Figure 1.
The IGF-1R β subunit is enriched at the distal-most third of the axon in adult RGC regenerating in culture.
A) Western blot of protein from total retina disaggregated cells (RC), a fraction enriched in RGC (RGCF-see methods) and the same fraction after 4 days in culture (RGCF 4DIV) detected using an anti-βgc antibody. Equal amounts of protein from the three different fractions were loaded onto each lane. Note the increased intensity of βgc staining in the RGC 4DIV fraction. Numbers below are the O.D. (arbitrary units) +/− s.e.m. n = 3 independent experiments. B) Western blot prepared as in Fig. 1 A developed using a polyclonal antibody to the IGF-1R β subunit (C20-Santa Cruz Biotechnology). Note the increased intensity of C20 staining in the RGC 4DIV fraction. C) Triple immunofluorescence micrographs of a rat adult RGC regenerating in culture after 3 DIV showing the distribution of the RGC marker NF200 (blue, top panel), the axonal marker Tau-1 (red, second panel) and the β subunit of the IGF-1R (βgc) (green, third panel) in adult RGC neurons regenerating in culture. The lower panel shows a merged image of the three stainings. Note the enrichment of βgc at the distal end of the axon (arrow). Calibration bar = 20 µm.
Figure 2.
Stimulation with IGF-1 triggers the polarized activation of the IGF-1R and PI3K in the axons of adult rat RGC regenerating in culture.

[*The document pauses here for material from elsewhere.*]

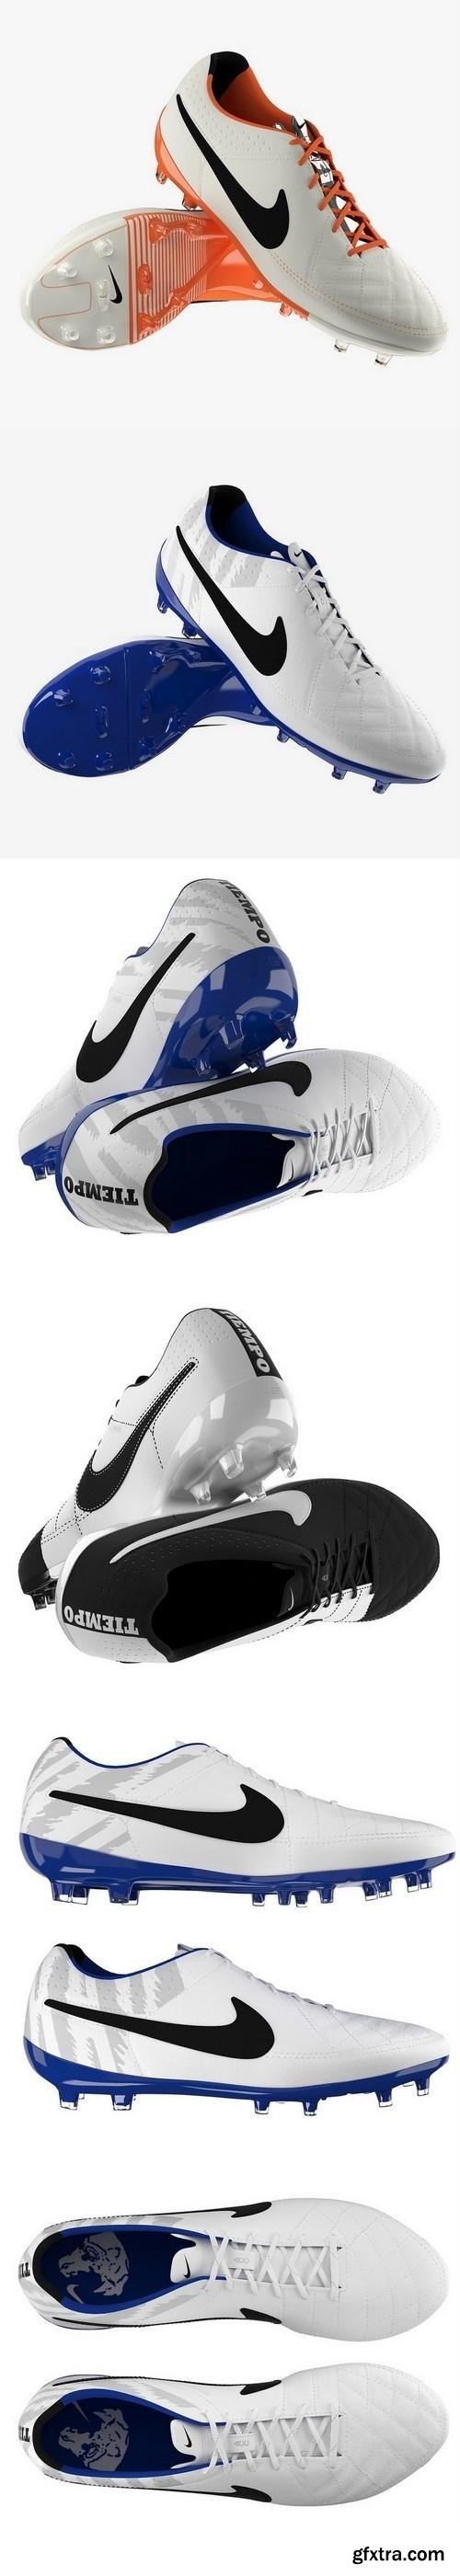 Nike Tiempo Legend V Football Boots 3d Models

A) Triple immunofluorescence micrographs of a rat adult RGC regenerating in culture after 3 DIV showing the distribution of the RGC marker NF200 (blue), the axonal marker Tau-1 (red) and the phosphorylated (active) form of the IGF-1R (green, pIGF-1R). Cells were cultured for 3 days, deprived of insulin for 4 h and stimulated for 5 min in control medium or medium containing 10 nM IGF-1. Note the significant activation of the IGF-1R, especially at the distal third of the axon (arrow). B) Triple immunofluorescence micrographs of a rat adult RGC regenerating in culture after 3 DIV showing the distribution of the RGC marker NF200 (blue), the axonal marker Tau-1 (red) and the phosphorylated form of the PI3k regulatory subunit p85 (green, p-p85). Cells were treated as described above (Fig. 1A). Note the pronounced activation of PI3K, especially within the distal axon (arrow). Calibration bar = 20 µm.
Figure 3.
Treatment with the PI3K inhibitor LY 294002 or the IGF-1R blocking antibody αIR3 prevents axon formation in adult RGC in culture.
A) Double immunofluorescence showing the distribution of the RGC marker NF200 and the axonal marker Tau-1 in cultured adult RGC. Cells were cultured for 3 days in control conditions or in the presence of 20 nM LY 294002 (LY) or αIR3 (10 mg/ml). Calibration bar = 40 µm. B) Percentage (+/− s.e.m.) of adult RGC cultured for 3 days in the different conditions described above (Fig 3A), exhibiting or lacking axons. n = 3 independent experiments. At least 100 cells were scored for each condition. * Significantly different from LY and a IR3 p≤0,0005. C) Cell viability (determined by the criterion of propidium iodide exclusion [52]) after 1 or 4 DIV. n = 3 independent experiments. At least 100 neurons were scored for each condition.
Figure 4.
Silencing IGF-1R expression prevents axonal formation in adult RGC in culture.
A) Double immunofluorescence of adult RGC after 3 days in culture transfected with scrambled sequence RNA (ssRNA) or shRNA directed to the IGF-1R (shRNA) showing the distribution of the IGF-1R β subunit and the axonal marker Tau-1. GFP shows the efficiency of cell transfection. Calibration bar = 10 µm. B) Percentage (+/− s.e.m.) of adult RGC treated as described above (Fig. 4A) exhibiting or lacking axons. n = 3 independent experiments. At least 100 cells were scored for each condition. * Significantly different from shRNA p≤0,0005. C) Cell viability (determined by the criterion of propidium iodide exclusion [52]) after 4 DIV. n = 3 independent experiments. At least 50 neurons were scored for each condition.
Figure 5.
Co-transfection of IGF-1R-suppressed adult RGC with a constitutively active form of the PI3k catalytic subunit p-110 restores the ability of the neurons to form axons.
Double immunofluorescence of adult RGC showing the distribution of NF200 (displaying neuronal shape) and myc (marker of transfection with cDNA encoding for a constitutively active form of the PI3K regulatory subunit p110). GFP is a marker of transfection efficiency with the shRNA directed to IGF-1R. Cells were transfected and cultured for 4 days. Calibration bar = 10 µm.